При упоминании фамилии единственного человека (разумеется, кроме меня), которому доверял Елисей, передёргивает. Иван ухмыляется шире, разводит руками.

— Понятия не имею, о ком ты, — а вот его самодовольная харя говорит как раз об обратном.

— Он, — киваю, подтверждая свою догадку. — Не боитесь, что я Молоху расскажу, из-за кого я его предала, мм?

Иван скалится идеально белыми зубами, и мне в этот самый момент кажется, что я его уже где-то видела.

— В общем так, я не собираюсь с тобой тут рассусоливать. Поэтому слушай внимательно и не перебивай, — оттолкнулся от решетки, а я незаметно выдохнула.
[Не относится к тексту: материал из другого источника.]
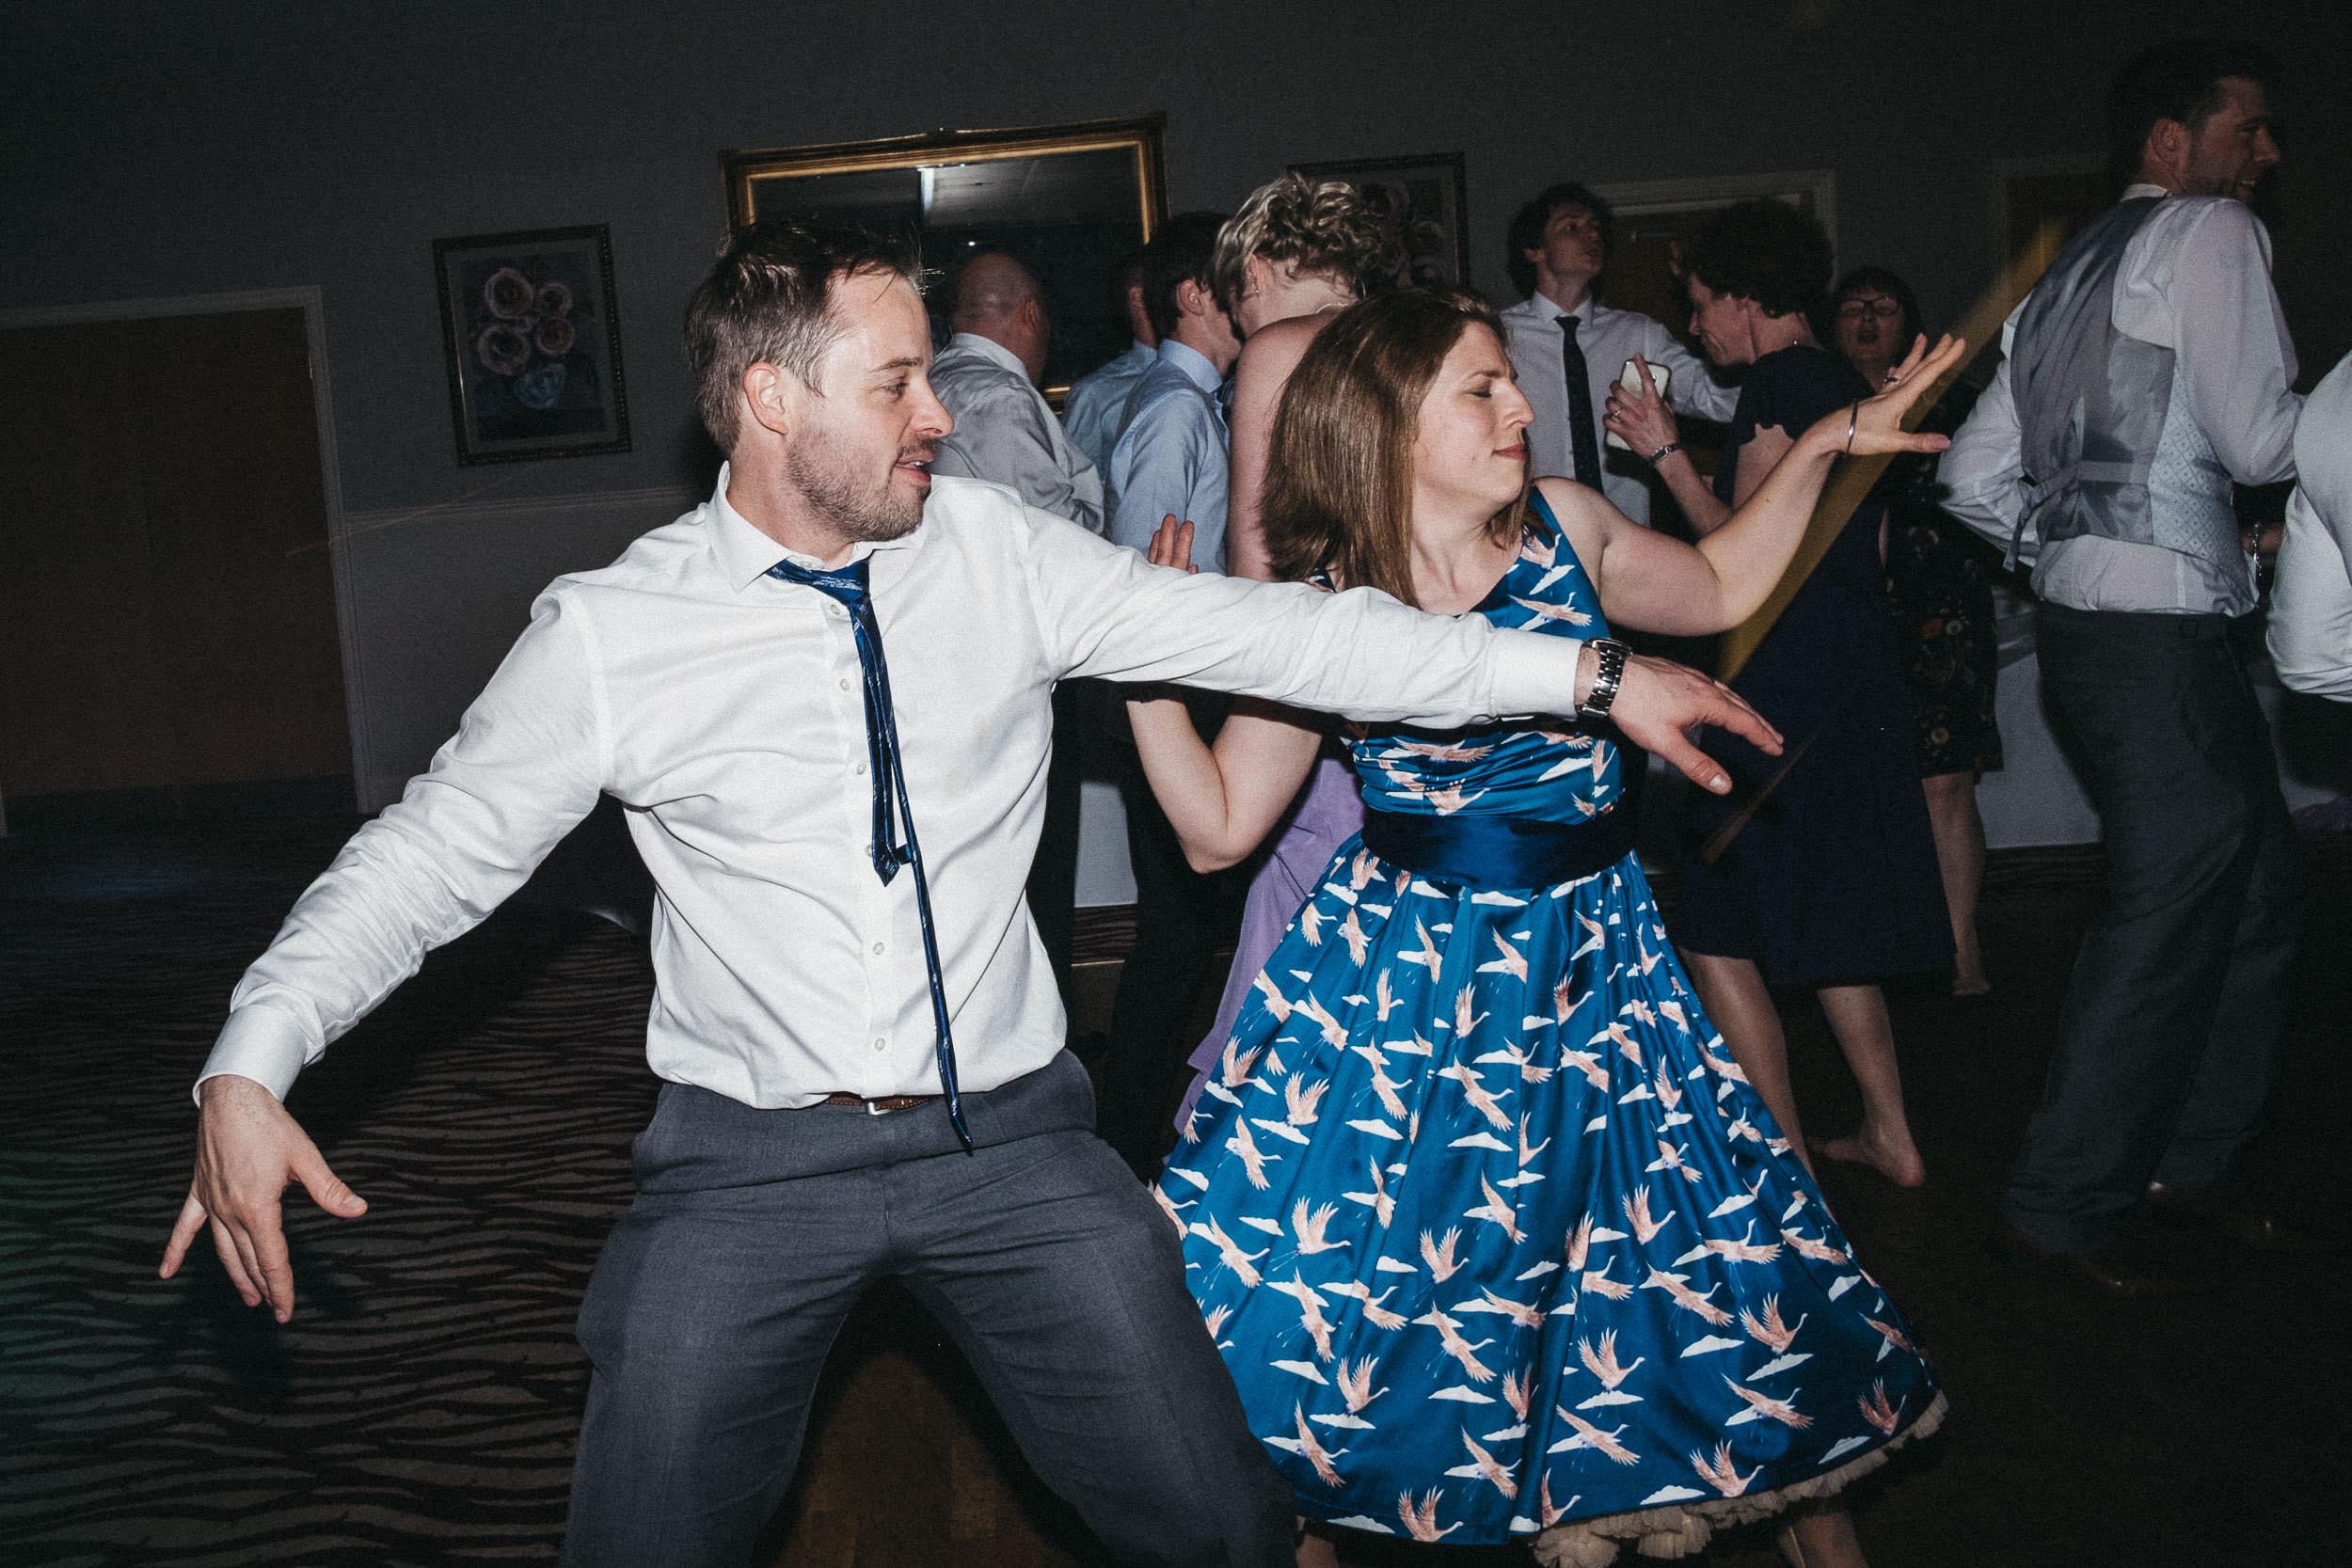 Wedding guests dancing in sync at Bagden Hall

Входить в клетку он пока не собирался. Хотя утешение так себе, конечно. — Ты вернешься к Молоху. Не знаю, как ты это сделаешь, но ты вернёшься. И шоу продолжится.

— Он меня не простит. Сенин его хорошо знает.

— Да куда он денется? — скалится мразь. — Раз ты до сих пор жива, значит, не перегорела старая любовь. Простит. Ты будешь у него в ногах ползать, член ему сосать и яйца своим языком полировать. И он простит.

— Зачем это Сенину? Что он задумал?

— Ммм, — тянет тварь, упиваясь своей властью. Всегда презирала таких недомужиков, которые ссут выйти против равных себе, но с удовольствием развязывают войну с теми, кто заведомо слабее. А он мне ещё и симпатичным показался. Трухло паршивое. — А это интрига. И да, рассказать ты ему ничего не сможешь. В противном случае сдохнет не только твой возлюбленный, но и ваша с ним малявка. Или что, стоило откинуться с зоны твоему ёбарю, как ты тут же забыла о дочери? Мамаша херова, — цедит презрительно. Ах, вот оно что. Иванушку в детстве обижала мамка, потому и вырос таким гондоном.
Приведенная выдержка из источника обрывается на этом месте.